Karena tidak tega dan mulai sadar diri, akhirnya Celine meluruhkan badannya. Ia membantu Rodian untuk bangkit. Setelah itu, ia dudukkan ayahnya itu di kursi bekas tempat duduknya tadi.
Celine menatap wajah Rodian yang masih kebas oleh air mata. Mata Rodian menunjukkan sebuah pengharapan besar untuk Celine. Kalau diingat-ingat. Wirya Utama memang sangat berjasa pada hidup Rodian dan keluarganya. Jika bukan karena Wirya, mungkin Rodian sudah tiada.
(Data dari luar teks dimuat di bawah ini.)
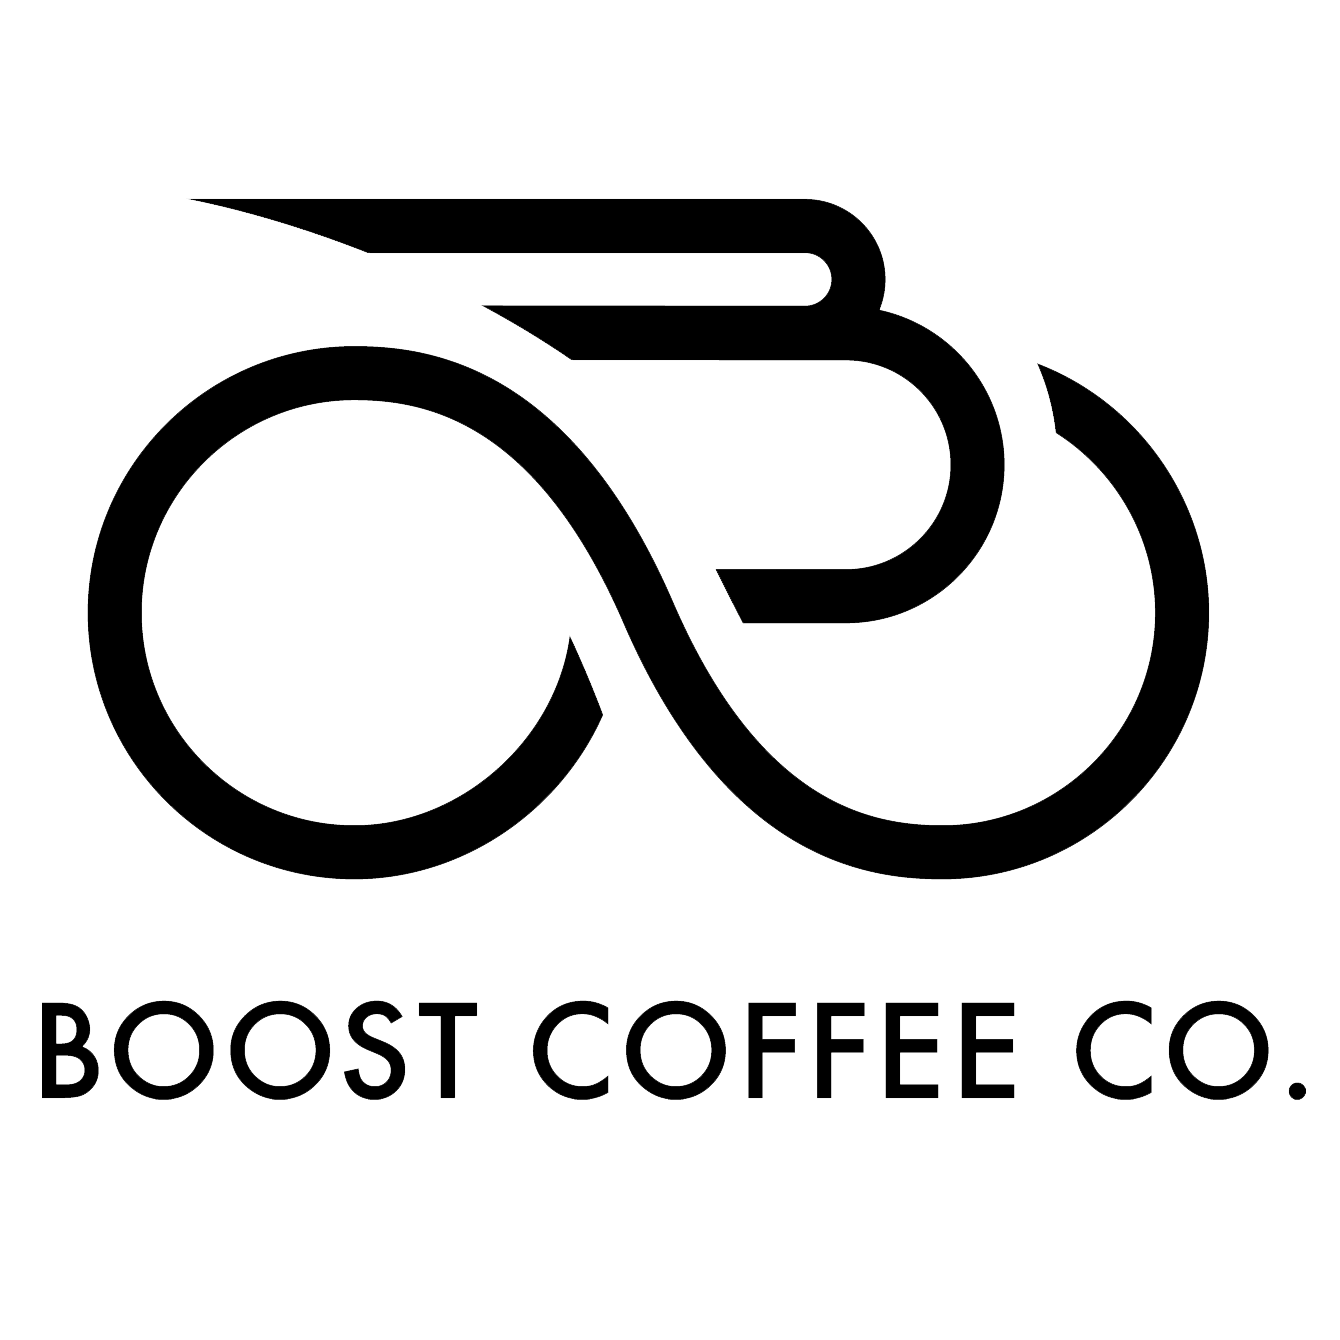 Boost Coffee Co. brand logo

Sebuah kecelakaan nyaris merenggut hidup Rodian, saat sebuah truk mendadak datang dan menghancurkan kedai kecil miliknya, di mana pada saat itu Rodian masih bekerja di dalam dan Wirya mampir untuk menyantap makan siang.
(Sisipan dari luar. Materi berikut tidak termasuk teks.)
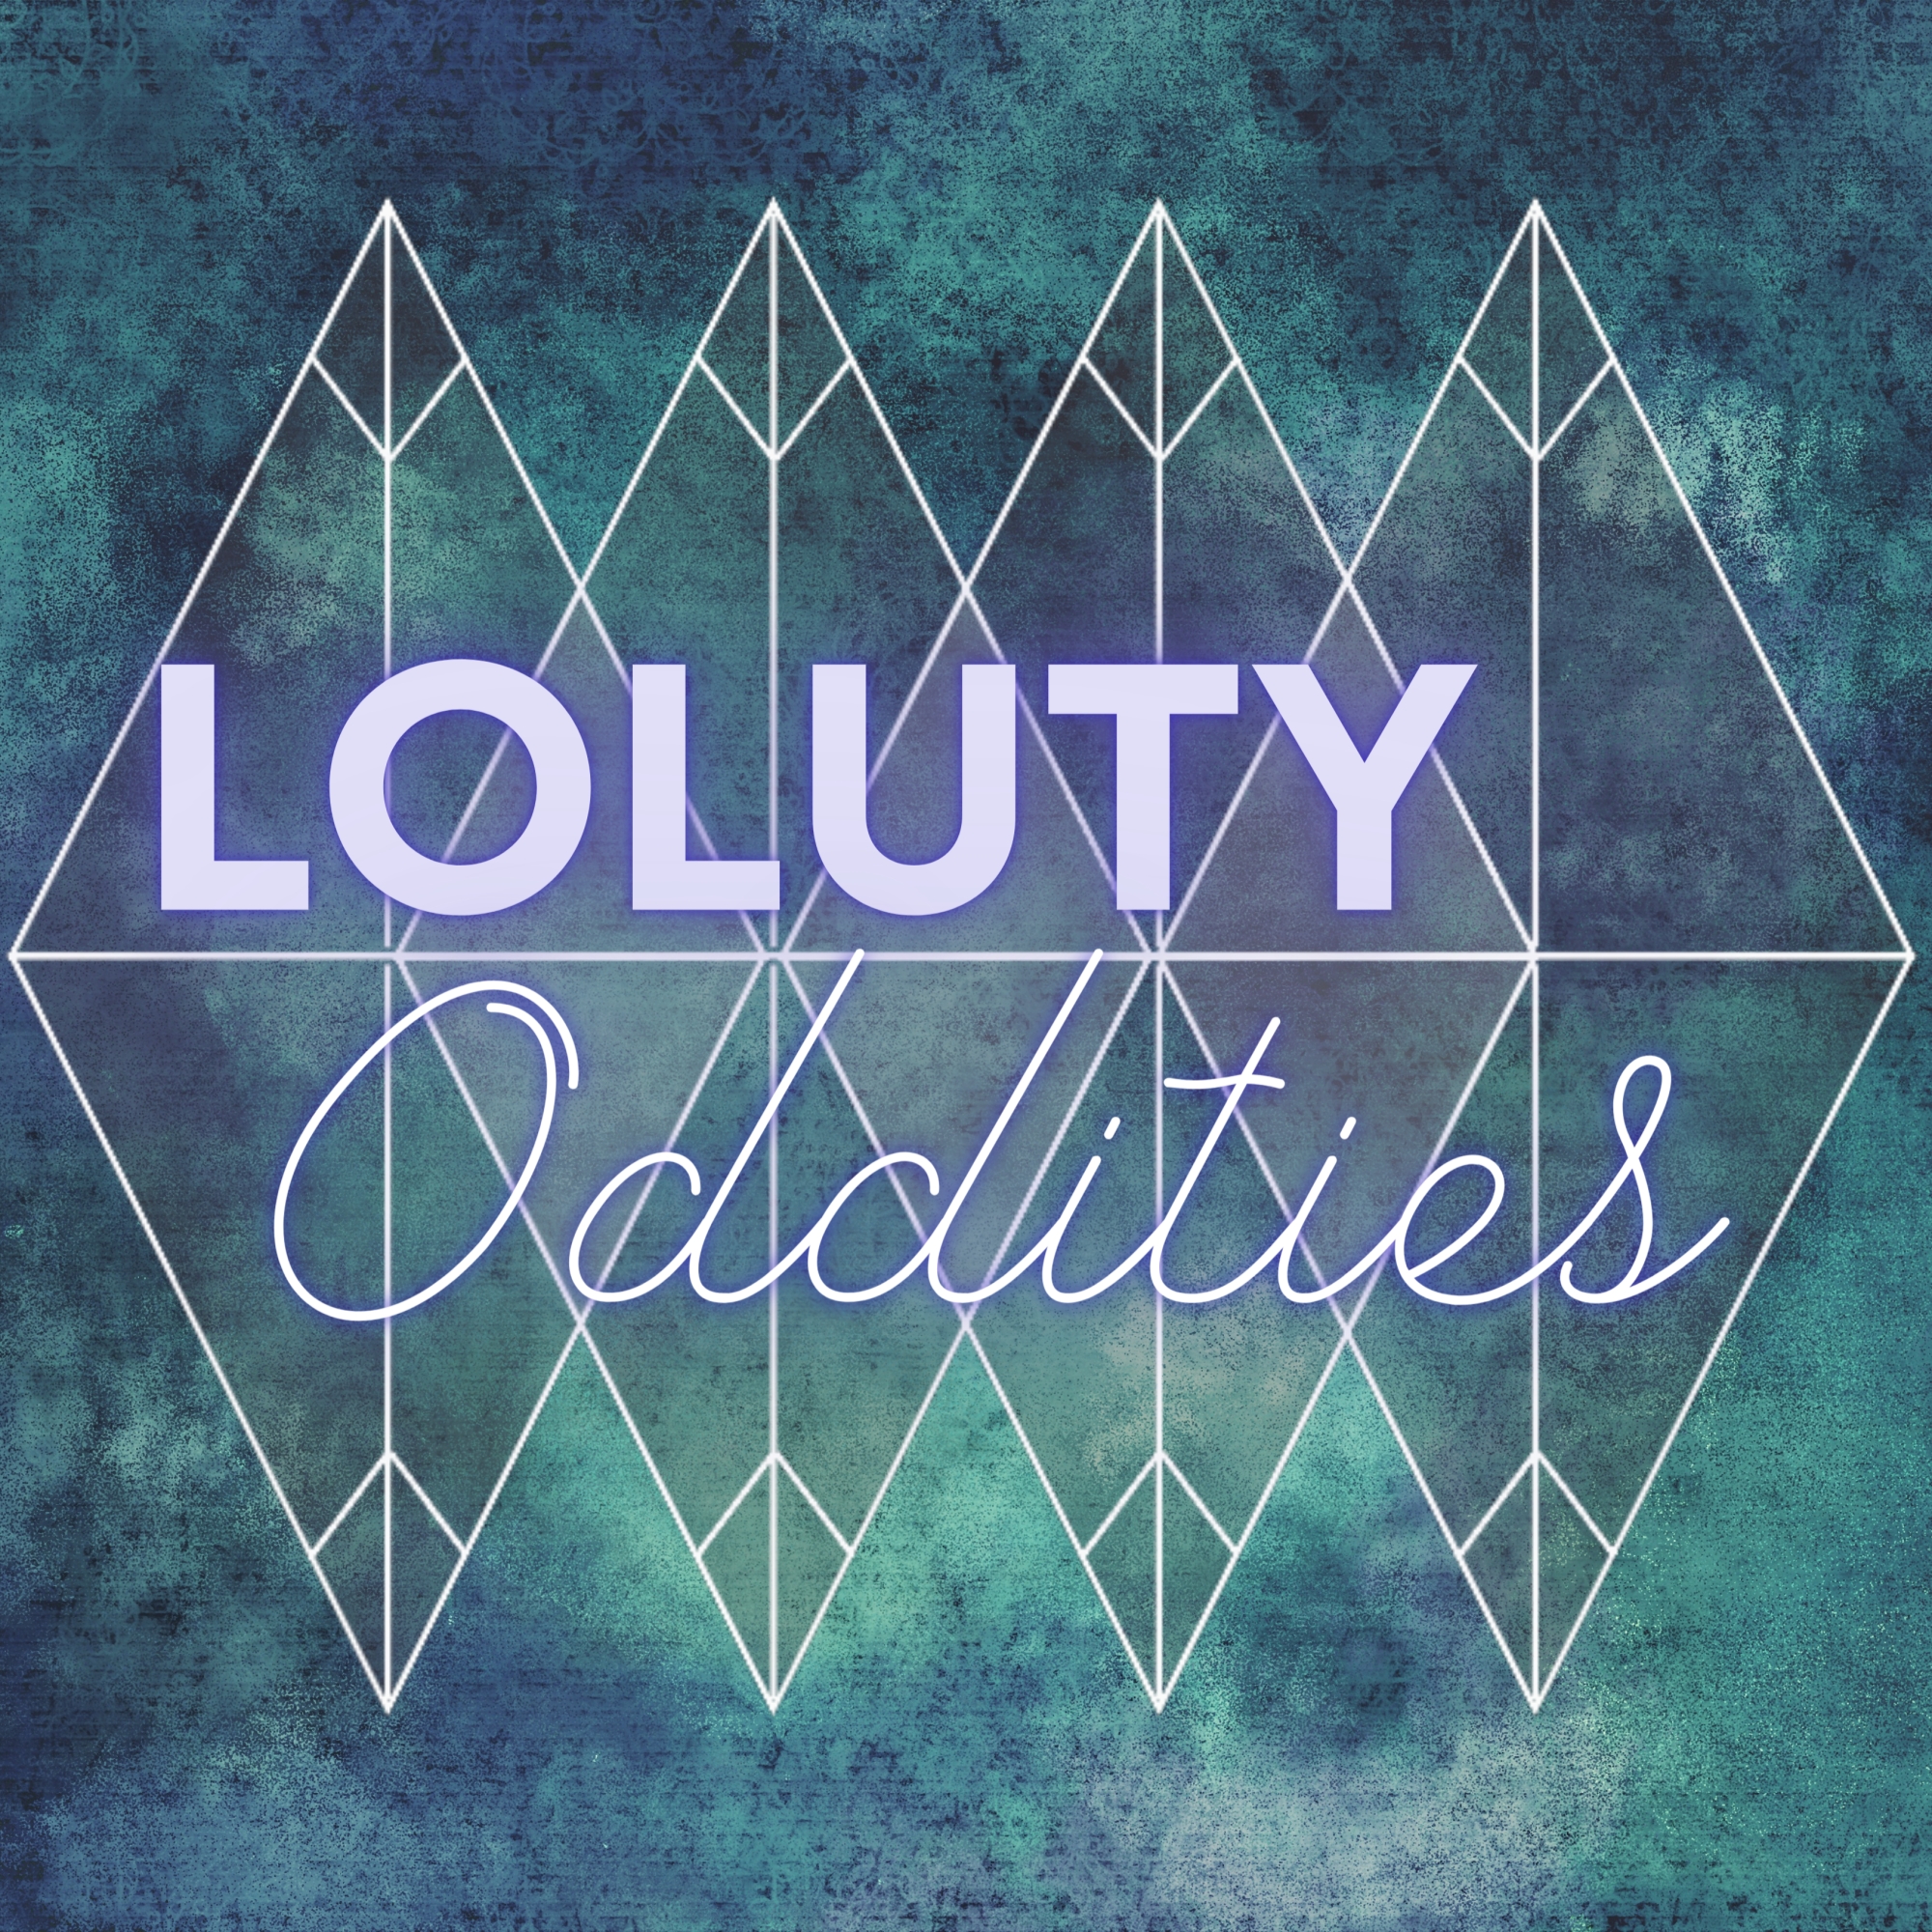 Loluty Oddities | AuctionNinja

Wirya selamat karena kebetulan ia hendak kembali ke kantor dan berhasil menghindari kedatangan truk tersebut. Namun Rodian terkena dampaknya. Rodian mengalami koma dalam waktu nyaris dua bulan. Pengobatan terus dilakukan membuat keuangan Deswita menipis, kedai kecil sumber penghasilannya dan Rodian pun sudah hancur lebur. Deswita juga masih harus merawat Celine dan Kenny yang masih balita.
Pada saat itu, Wirya yang merupakan sahabat Rodian sekaligus saksi mata kecelakaan menawarkan bantuan. Ia memang berasal dari keluarga berada, tetapi belum bisa disebut konglomerat. Apalagi pada saat itu ia sedang mengembangkan bisnis di bidang manufaktur dengan produk kosmetik. Modal yang seharusnya digunakan untuk membangun perusahaan, justru diberikan pada Deswita demi kesembuhan Rodian. Beruntungnya, Rodian berhasil sadar dan selamat melewati masa-masa kritis yang cukup lama.
Celine menghela napas setelah mengingat cerita tersebut, kemudian menggenggam kedua jemari ayahnya. “Aku enggak tahu kenapa Om Wirya ingin menjodohkan aku dengan anaknya, tapi aku sangat paham tentang bagaimana perasaan Ayah sekarang. Kalau begitu, ... aku akan menerima perjodohan ini dan membalas budi untuk Ayah.”
“Huu! Begitu dong dari tadi! Lagian mereka kan kaya, kamu bisa minta uang untuk keliling dunia. Plinplan banget! Semua orang pasti bisa tahu kenapa Om Wirya mau menjodohkan anaknya sama wanita sebodoh kamu, ya karena anaknya perjaka tua, demi apa? Demi menyingkirkan rumor! Dan lagi, selain plinplan, kamu enggak cantik-cantik banget, Celine! Kok mau sok jual mahal sih?!” ucap Kenny panjang-lebar dan kurang ajar.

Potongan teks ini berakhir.